Je pense que ce que je fais est plus éclectique. Marble Arch, c’est un mélange d’influences. C’est très pop, très ouvert. « Pop » ça peut être un mot grossier pour certains, ou un synonyme de niais, moi ça ne me dérange pas, au contraire. Quand il s’agit de mettre une étiquette sur un Bandcamp ou quelque chose comme ça, j’ai pas honte de mettre « pop » parce que ça englobe pas mal de choses, dont certaines que j’adore. Faire des chansons, dans le sens couplet/refrain avec des ambiances très différentes, pour moi c’est pop. Je cherche des ambiances comme ça, un peu changeantes, pour éviter la répétition. Mais derrière ça, il y a bien sûr une grosse ambiance shoegaze, des lignes de voix moins linéaires. J’aime le shoegaze, mais pas seulement, j’aime les mélanges, on va dire. Avec Marble Arch, j’essaie de sortir du tout-shoegaze. J’adore le shoegaze comme j’aime écouter les Beatles. Je crois qu’il y a beaucoup d’Erik Satie dans ma musique. C’est une recherche d’ambiance avant tout, mêlée à une certaine timidité.

Pourquoi avoir été tenté par un projet solo ? Qu’est-ce que t’apporte Marble Arch que ne t’apportait pas Maria False ?

On continue toujours avec Maria False, c’est important de le rappeler.
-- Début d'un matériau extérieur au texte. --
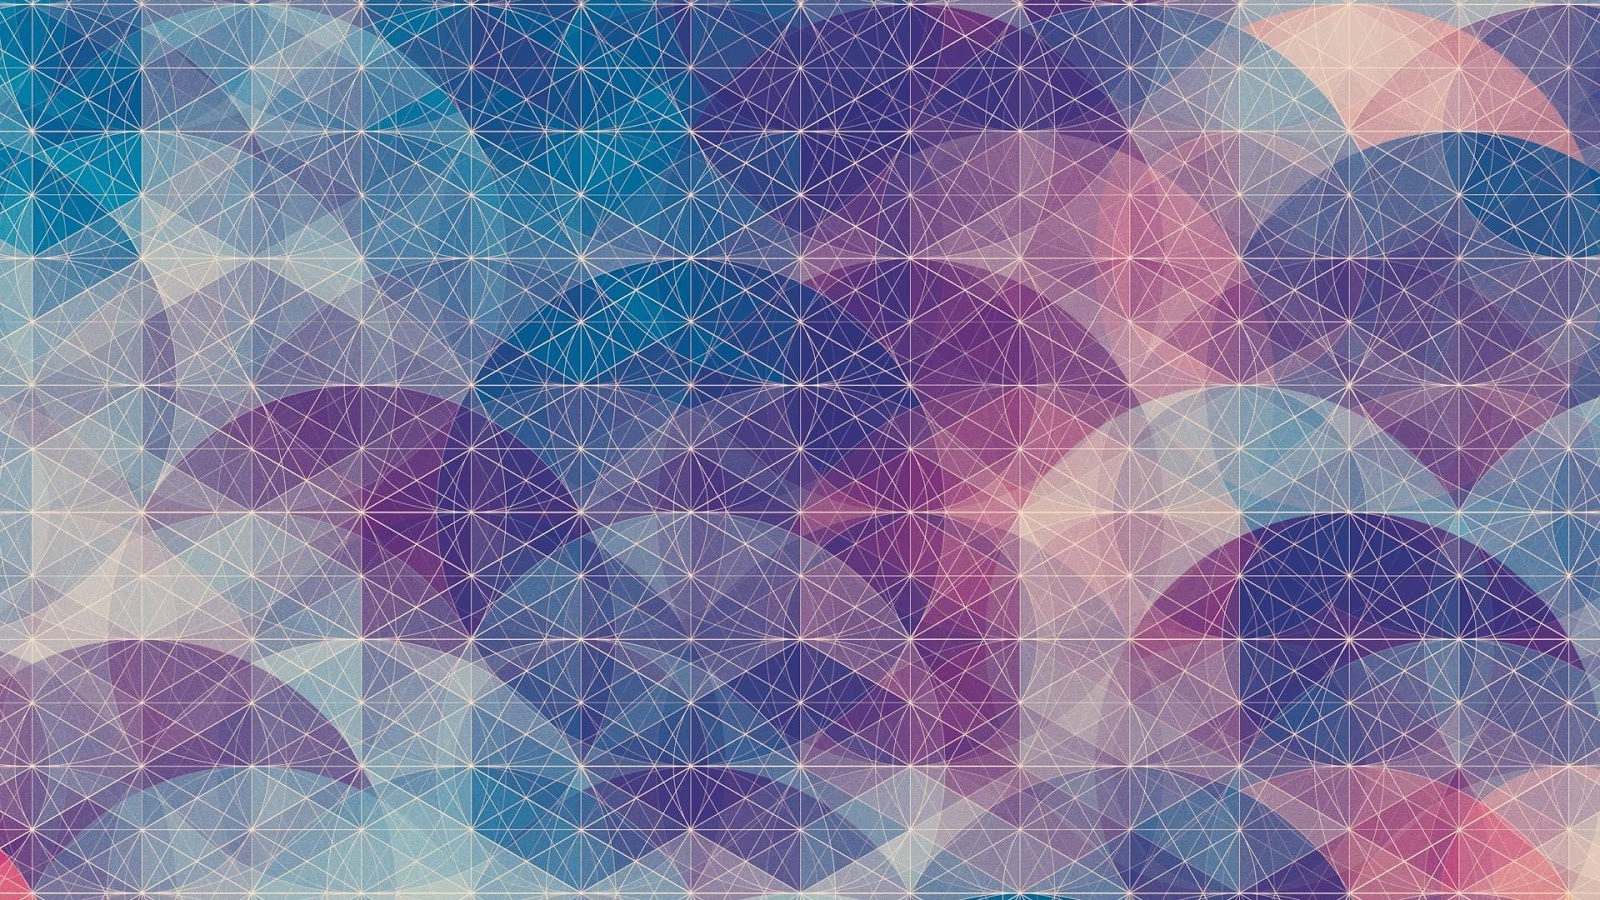 Geometric Patterns Wallpaper HD Wallpapers on picsfaircom 1600x900

On a un concert bientôt à l’Espace B d’ailleurs, le 6 novembre avec Dead Horse One. Mais on se voit moins parce que le groupe est un peu éclaté, entre un qui est à Lannion, l’autre à Nantes. Moi j’ai commencé à jouer seul quand j’ai commencé à bosser. Comme j’avais plus le temps de voir les autres et que je voulais continuer à jouer, j’ai fait des trucs dans mon coin. J’ai mis des sons de côté, des sortes de maquettes, en me disant : je vais proposer ça aux gars (de Maria False) et s’ils en veulent pas, je les garde pour moi. Après j’ai eu une période de chômage qui m’a permis d’avoir du temps pour finaliser certains morceaux, de mettre du vernis par-dessus. Ça a été un mal pour un bien, en quelque sorte, parce que sans ça les morceaux seraient sans doute encore en train de dormir au fond de mon ordinateur.

Comment es-tu passé d’une place de guitariste-compositeur, mais pas vraiment leader, à une place où, d’une part tu chantes, et d’autre part tu fais un peu tout tout seul, de la composition à la production ?

En fait, j’ai d’abord tout composé à la guitare. Après j’ai posé les batteries, avec l’aide de Bernard, le bassiste de Maria False. C’est un touche-à-tout et c’était vraiment très cool de bosser avec lui. Au début, il m’accompagnait sur une petite batterie jazz, et ensuite on a rajouté des pistes de boîte à rythmes. Sur plusieurs morceaux, on a doublé les pistes de batterie avec de la boîte à rythmes. Et ensuite j’ai rajouté les paroles. Je crois qu’écrire des paroles, c’est vraiment mon point faible. J’avais jamais chanté jusqu’à présent, c’est pas quelque chose de naturel, sans doute une forme de timidité. J’avais besoin de me mettre un coup de pied au cul. J’avais quelques lignes de voix en tête, autant les mettre. Au début, ça me faisait bizarre de m’entendre. Il y a un trac particulier lié à ça, parce que je suis tout seul et que je chante. Là c’est mon troisième concert, après un concert à Rennes où j’étais invité par Venera 4 et une première partie de Girls Names au Mondo Bizarro, à Rennes aussi, donc je commence à digérer un peu le chant, à me dire que je peux le faire et à être à l’aise avec ma voix.

Du coup le chant en anglais, c’est un refuge ? Une volonté de privilégier les lignes vocales au discours ?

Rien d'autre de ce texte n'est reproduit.